I spoke with two people who have extensive experience in China. Consultant Bob McIntire heads the Railway Supply Institute's Committee on International Trade. "The Chinese railroads cannot meet customer demands due to the robust economy and are short over 140,000 freight cars daily," he says. "This has prompted reform and higher capital spending." McIntire characterizes the Chinese view of the U.S. rail industry as one of high regard. "They are particularly interested in forming joint ventures and technology transfers, such as the highly successful joint venture with Meridian Rail, which has been supplying wheels and Swing Motion trucks." He describes China's rail industry as "a complex system."
A word of cautious optimism comes from Wabtec International Vice President Tim Logan, who describes China as "an emerging, slowly-changing market that until recently has been elusive due to low prices from domestic suppliers." Freight car and locomotive annual building rates are expected to be in the 15,000-20,000 and 300-500 unit ranges, respectively.
For U.S. suppliers, China's current pricing structure "is a barrier to entry," says Logan.
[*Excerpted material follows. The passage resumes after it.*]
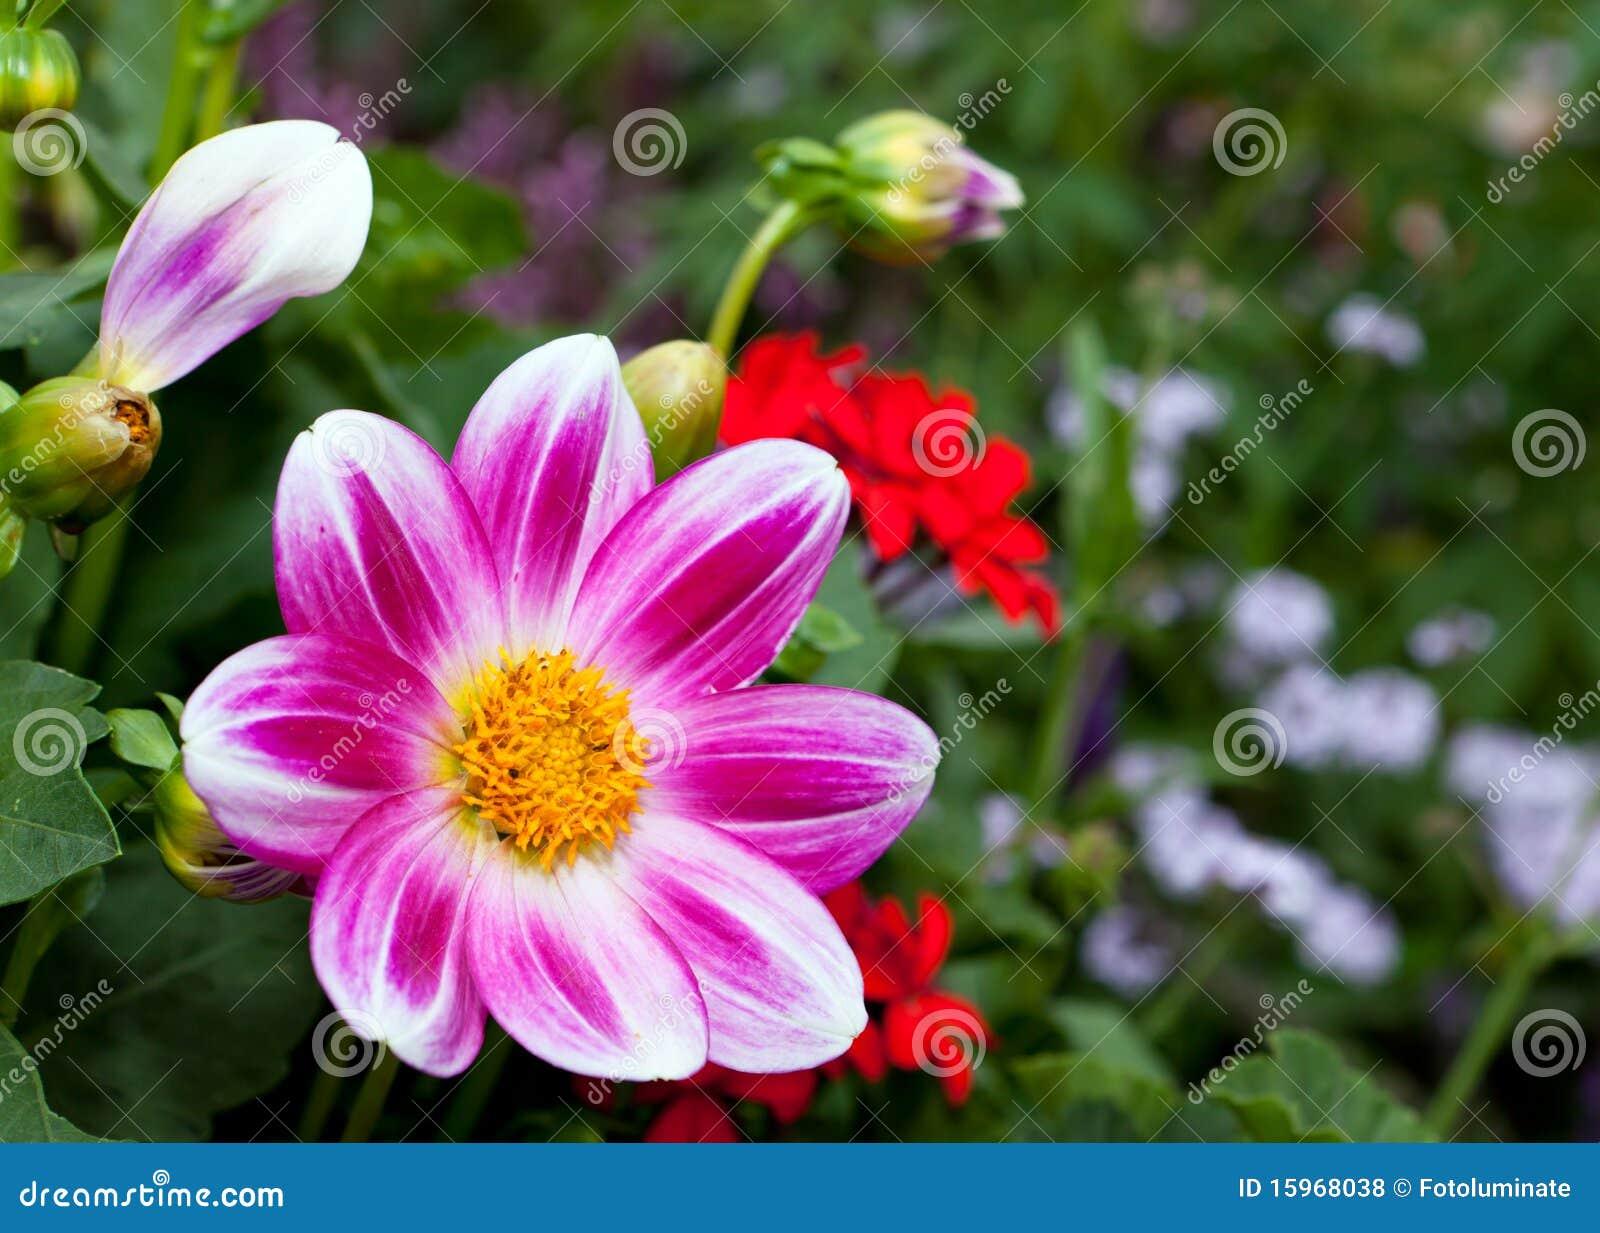 Beautiful purple daisy flower stock photo image of purple yellow beautiful purple daisy flower izmirmasajfo Choice Image

Why? "The Ministry of Railways is still essentially a government operation that has yet to rationalize the industry." The MOR oversees two governing bodies, North LORIC and South LORIC, which assign value to various freight car components, prompting domestic suppliers to often sell at a loss. "It's tough to compete with that," says Logan.
Wabtec's approach to China, says Logan, has been to establish a strong local presence and invest within the market. "We cannot export," he says. Protecting intellectual property "is a challenge." But the market could change. Near-term, he says, technologies the MOR feels have "significant benefit" will be considered from non-domestic suppliers.
If you're a transit supplier, says Logan, doing business in China isn't all that different from dealing with North American transit agencies. Chinese transit systems are autonomously operated by local authorities who engage in "traditional OEM/supplier relationships." The market looks like it will support 1,500-2,000 electric multiple-units and locomotive-hauled coaches annually over the next few years. Japanese and European suppliers (like NABCO, Wabtec's Japanese affiliate) have had considerable success in China.